I don’t know if its true or not, but I’ve heard stories of people getting DUIs for working on their cars in their driveways, and people getting a DUI for going out to their car and getting something that was sitting on the passenger seat.

I don’t know the technical requirements from jurisdiction to jurisdiction.

The closest I have ever come to getting one was when I was sleeping in my SUV in the passenger seat. An officer woke me up by knocking on the window and demanded to know if I had been drinking. I answered “Yes” and that was why I was there instead of somewhere else. His eyes lit up for a potential bust and demanded I hand over my keys. I didn’t have them. I had already put them under a rock about 50 yards away because I knew the Massachusetts rules well. He demanded that I show them where they were and I made him get them himself after I showed him where they were and I didn’t touch them because he was just itching to get me for a DUI or anything else and was irritated that he couldn’t. He eventually just had to give up.

I am not proud of that episode but some cops are just assholes. If someone needs to sleep it off in their car rather than rushing home while driving, that is a preferable outcome. They shouldn’t be going out of their way to bust people that are trying to do the right thing.
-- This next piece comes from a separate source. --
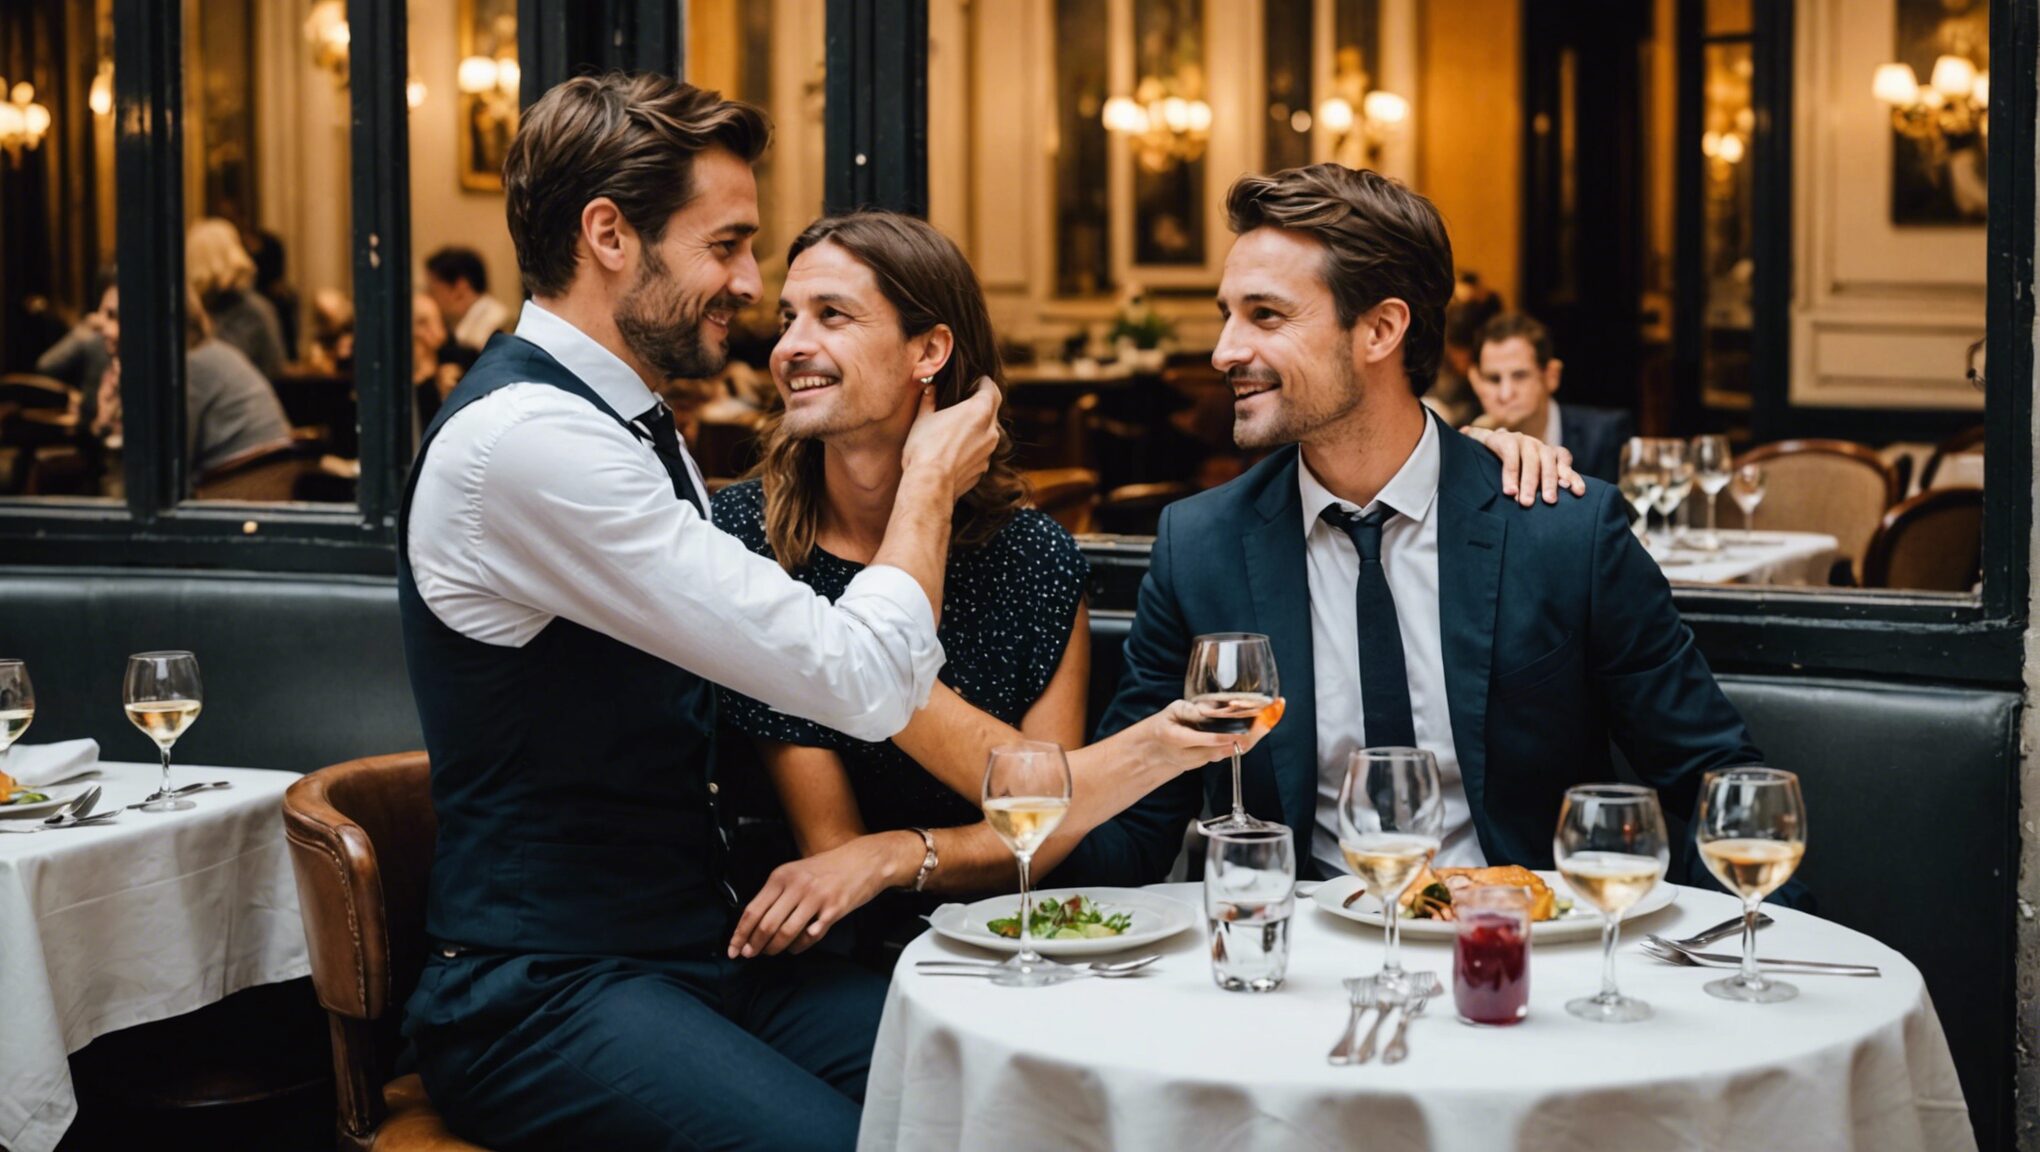 découvrez les secrets des 7 restaurants parisiens pour un dîner romantique inoubliable en couple. profitez d'un week-end magique à paris pour des moments inoubliables.

Yes, I think there was an earlier thread - but the general rule in most jurisdictions is they don’t want to argue over what constitutes the “D” in DUI. So if you are in the car, with the keys, it’s DUI whether you are driving or sleeping in the back seat; no hair splitting “I haven’t started the car” or “the car was not running when you found me” etc. You are “in control of the vehicle” which satisfies the definition of DUI. After all, even if you intended to sleep it off in the back seat - drunk people have been known to do weird things - waking up and deciding to drive home while in a stupor would not be unusual; and the police aren’t about to sit around waiting to see if you put the car in gear. Go key? Get charge.
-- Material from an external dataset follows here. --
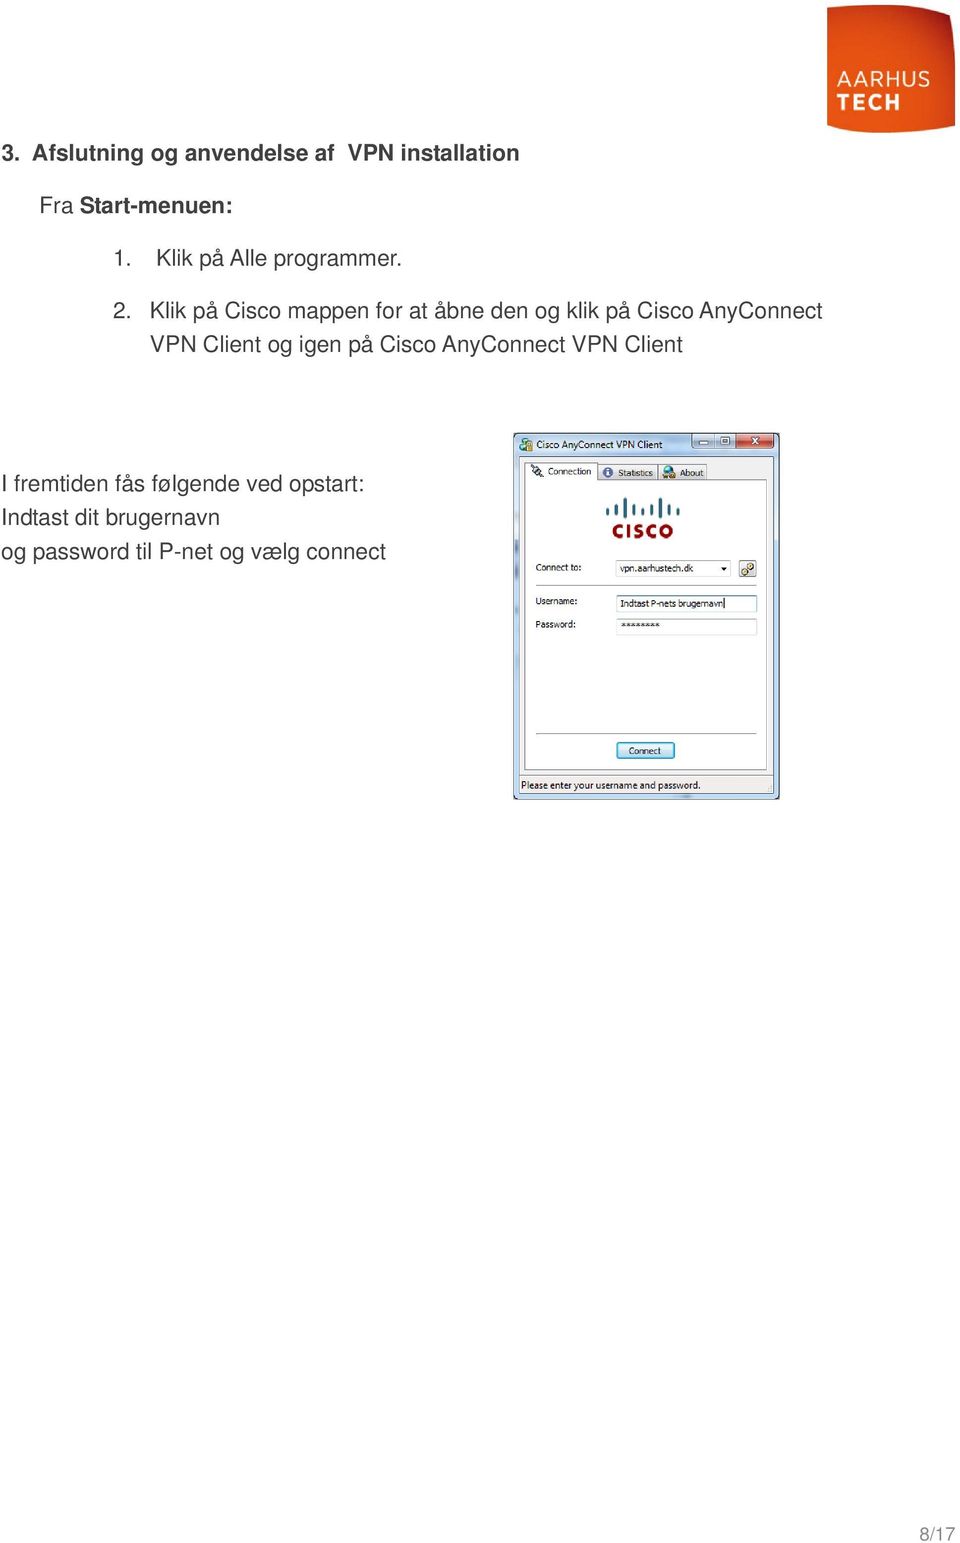 Klik på Cisco mappen for at åbne den og klik på Cisco AnyConnect VPN Client og

The “D” in DUI depends on the verbiage in the statute. Some are real specific. e.g. “in vehicle in possession of key is driving for the purposes of this section.” Others are more vague and depend more on case law.

For sure as various legislatures keep revisiting this stuff to lower the limits if nothing else they also tend to add precision (though not necessarily common sense) to the definitions. It’s much cheaper to enforce and prosecute crimes with bright line definitions than it is crimes with “I know it when I see it” definitions.

There’s also opportunities for legal fun with the definition of “vehicle”. See Another Thing You Can’t (Legally) Drive Drunk: Wheelchair – Lowering the Bar No RUI Charge for Florida Drunkard – Lowering the Bar Further Analysis Regarding RUI (Riding Under the Influence) – Lowering the Bar et al.